* **Problem details**: Quote, word for word, only the lines running from the line with "U4912 Harley-Davidson BREAKOUT-107-FXBR-LIMITED" through the end of the listing. Leave out the pictures.

START Exercise data

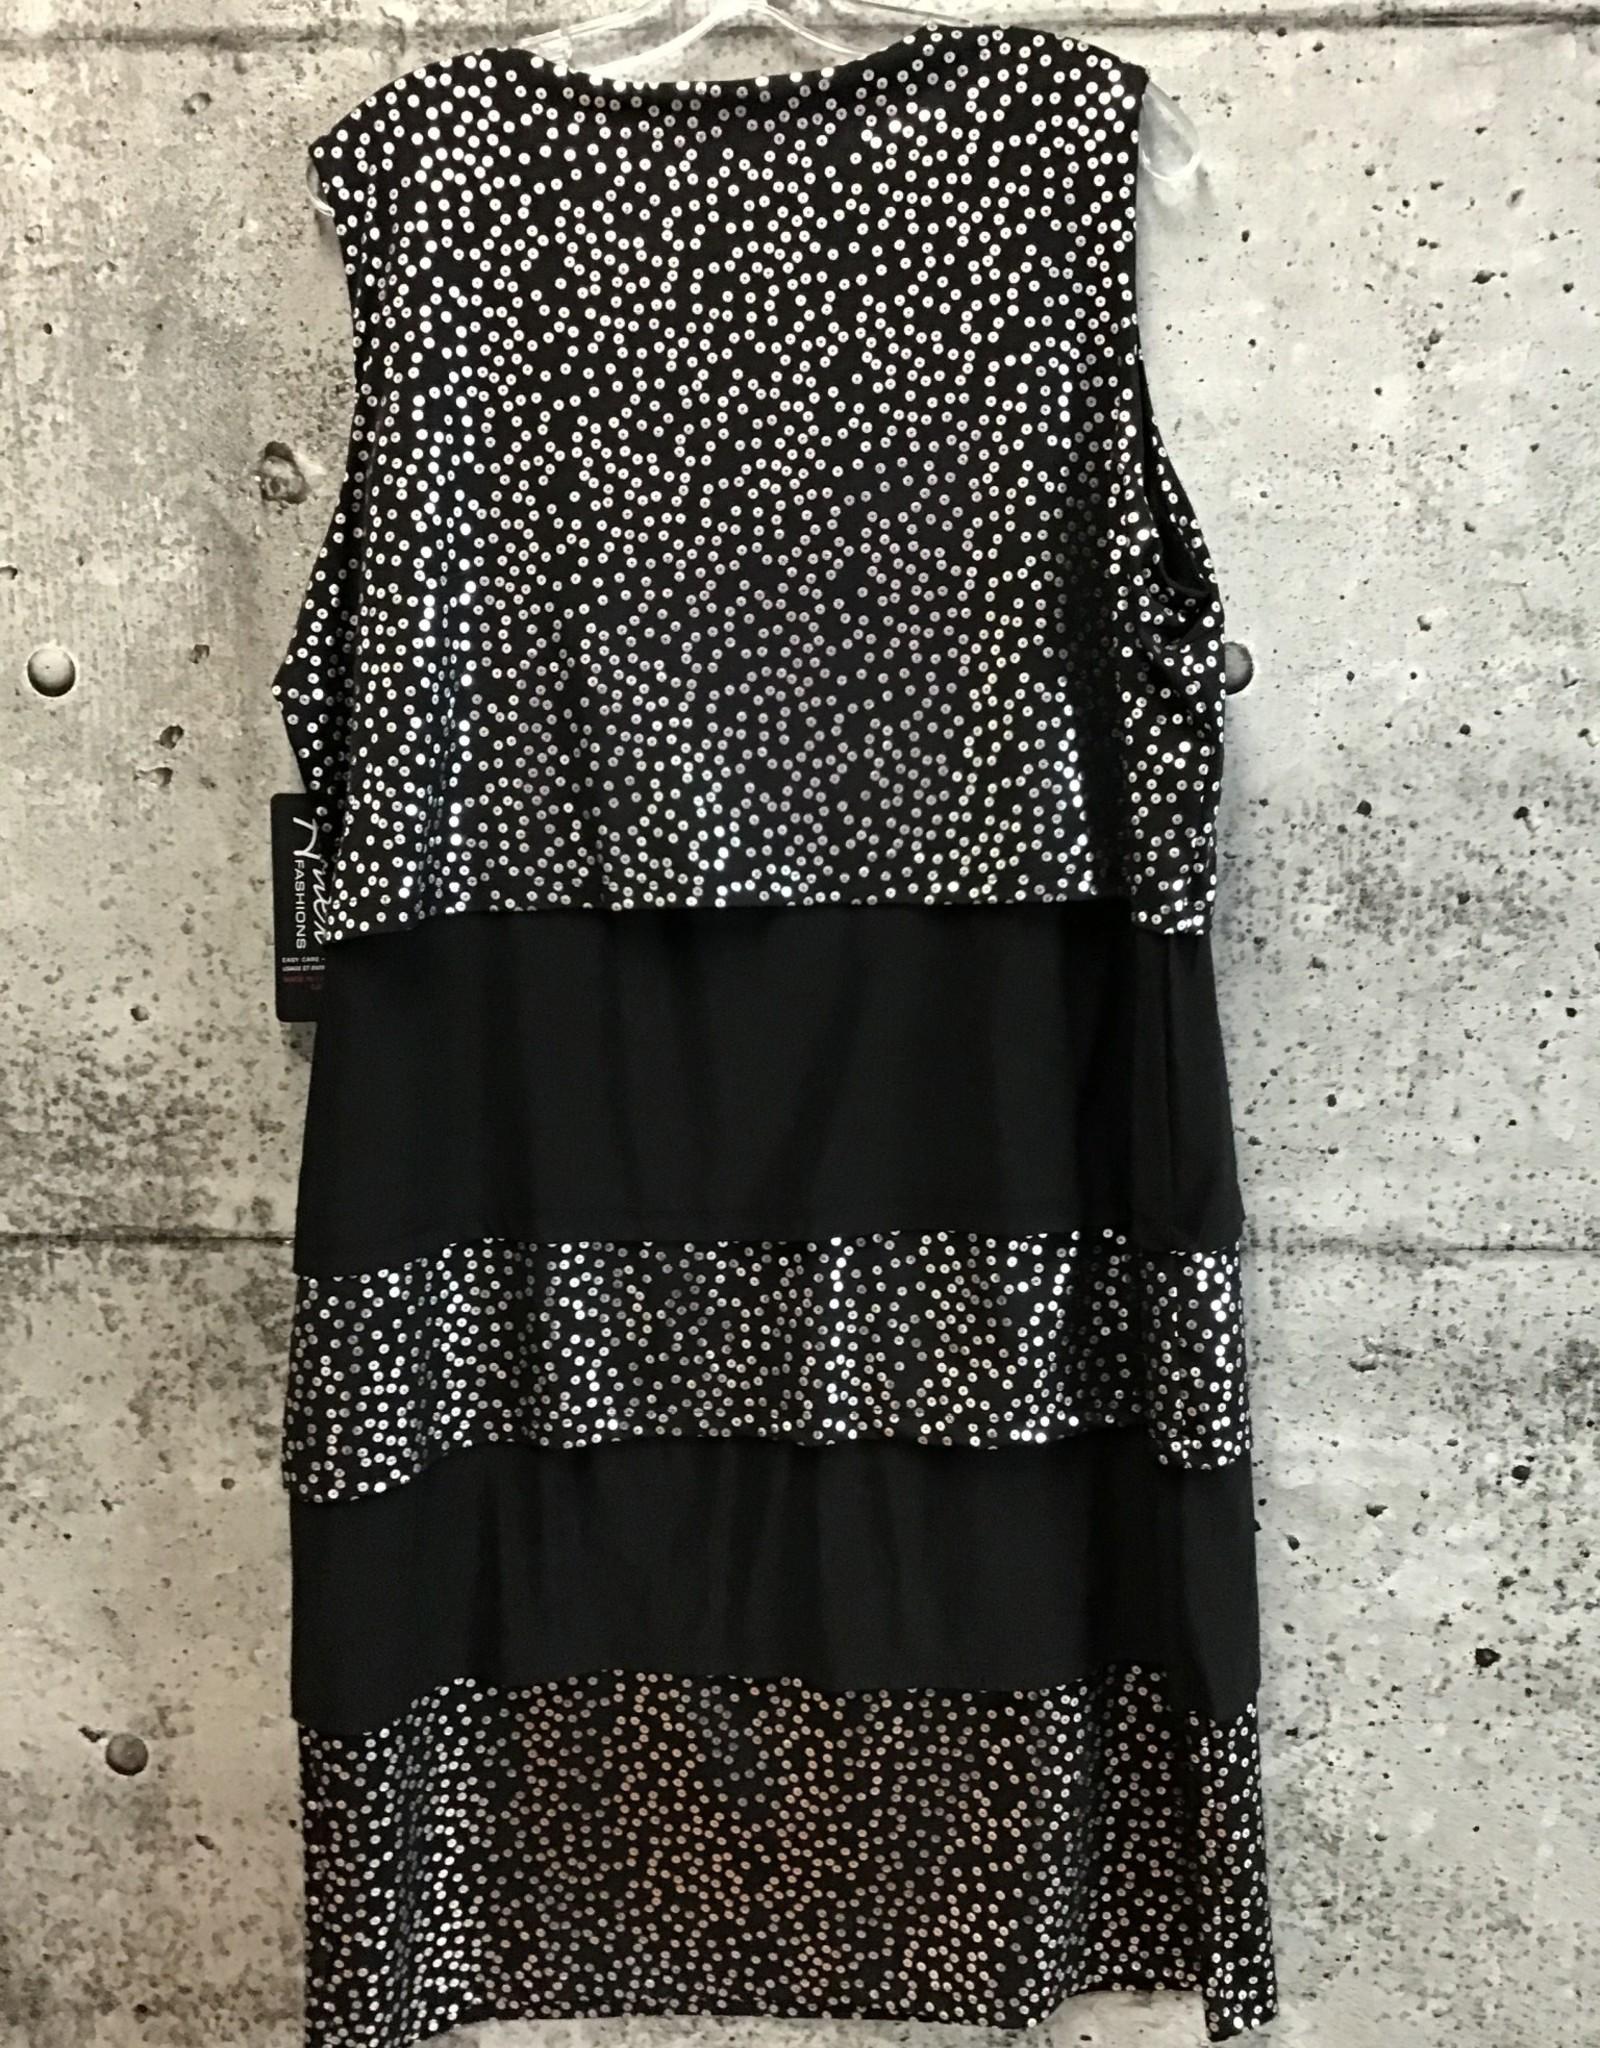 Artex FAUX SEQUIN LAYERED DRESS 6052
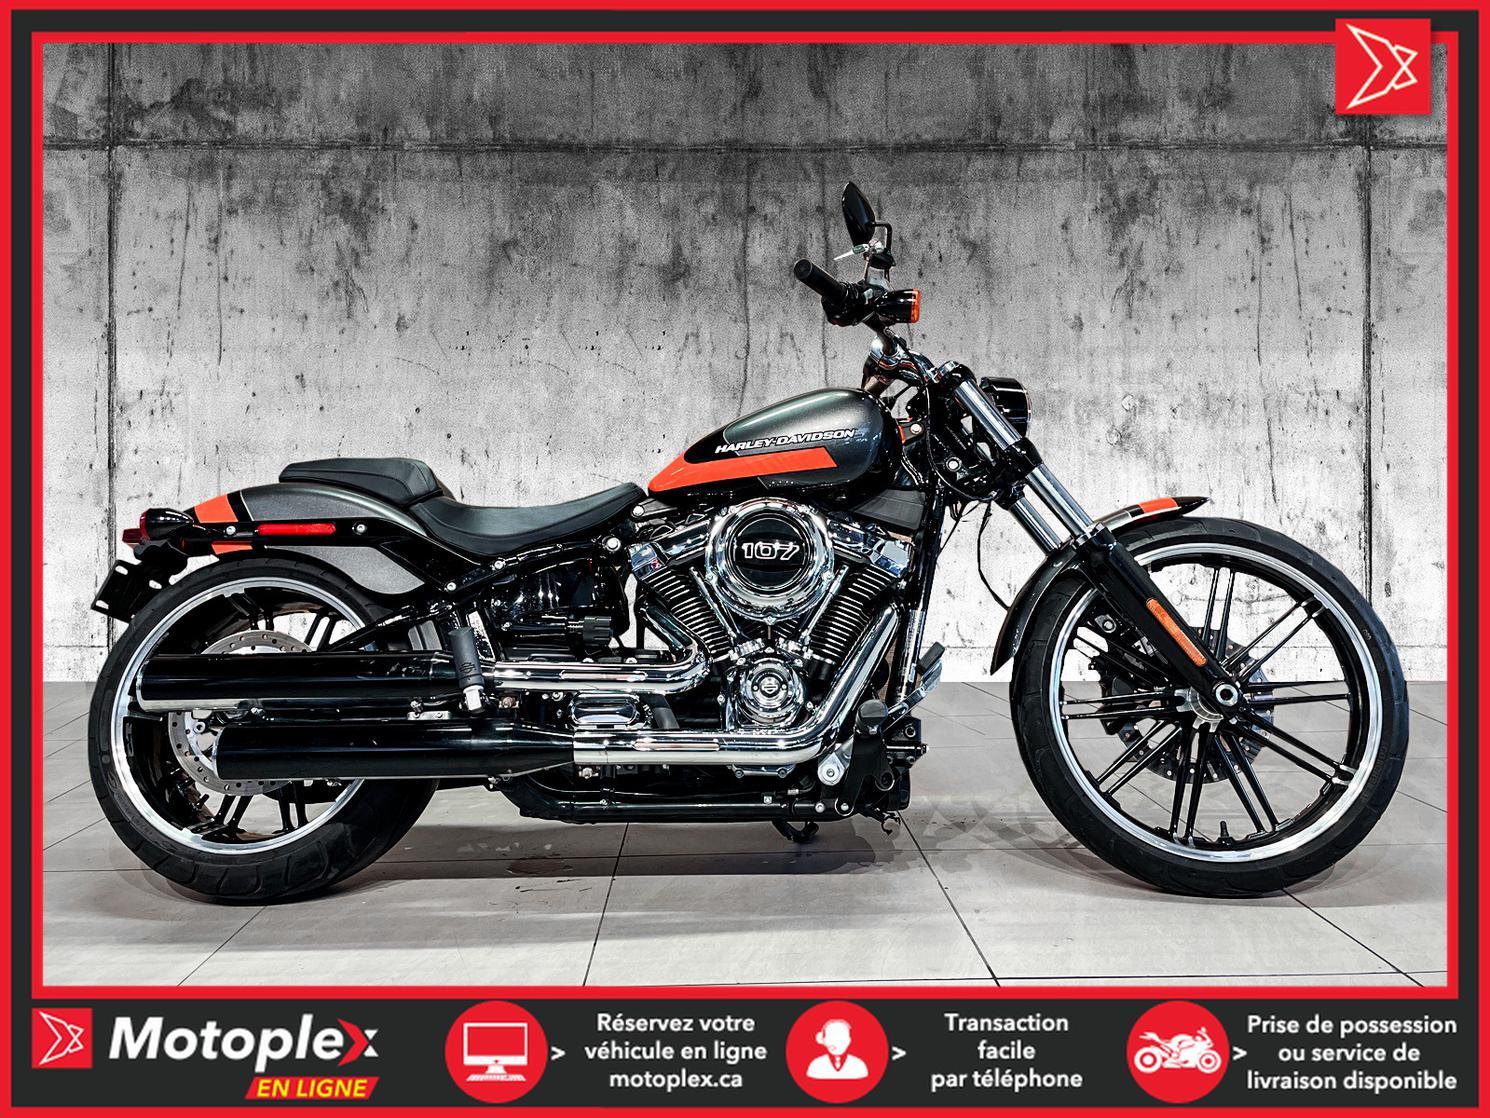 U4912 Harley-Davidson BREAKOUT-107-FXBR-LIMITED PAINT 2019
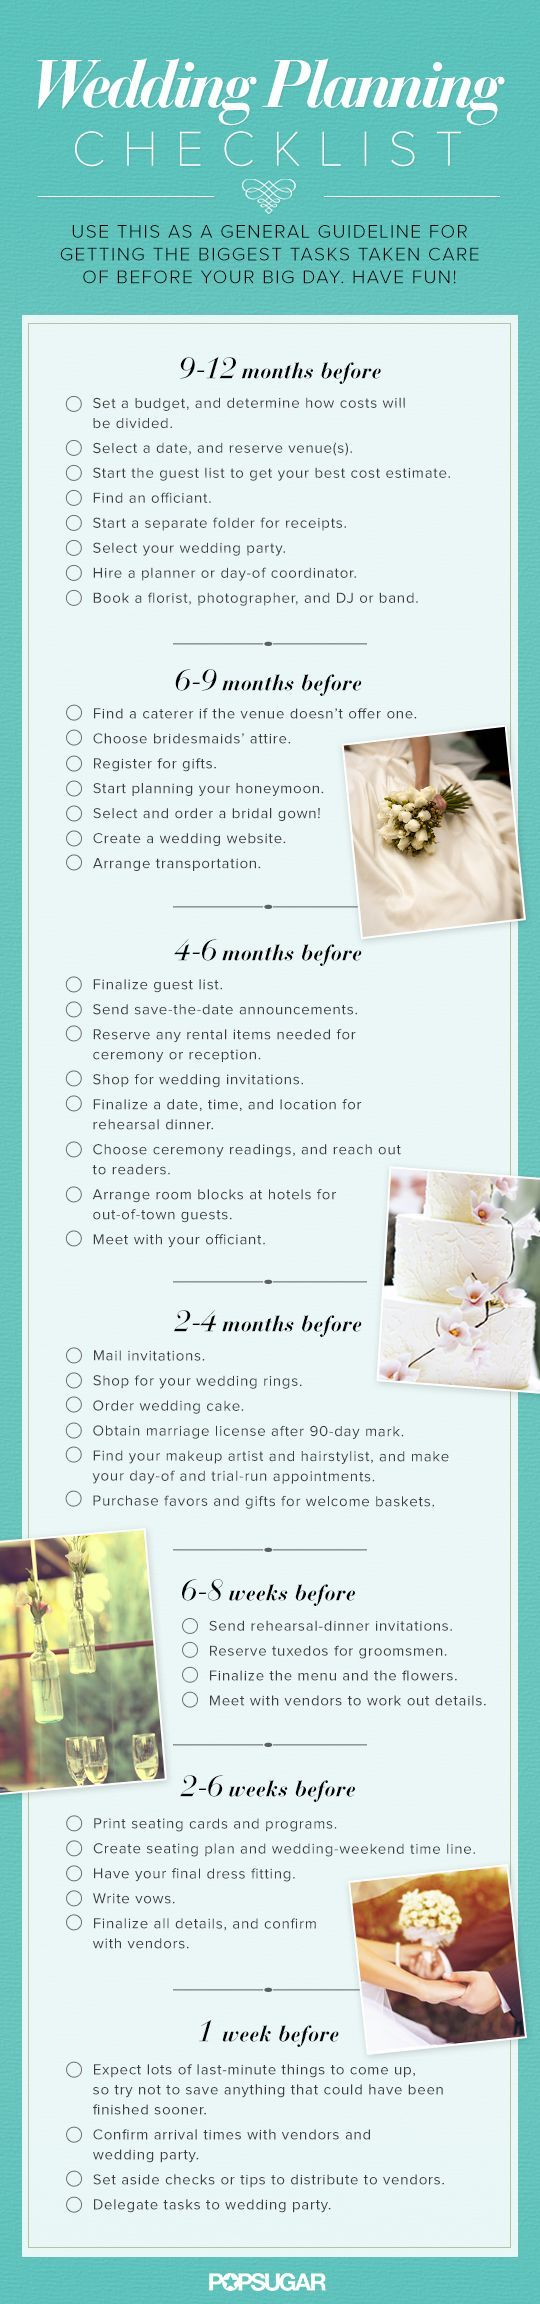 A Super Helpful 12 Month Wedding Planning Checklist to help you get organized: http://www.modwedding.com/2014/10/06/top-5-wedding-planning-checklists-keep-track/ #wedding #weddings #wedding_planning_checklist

END Exercise data

* **Task output**:
 U4912 Harley-Davidson BREAKOUT-107-FXBR-LIMITED PAINT 2019
 A Super Helpful 12 Month Wedding Planning Checklist to help you get organized: http://www.modwedding.com/2014/10/06/top-5-wedding-planning-checklists-keep-track/ #wedding #weddings #wedding_planning_checklist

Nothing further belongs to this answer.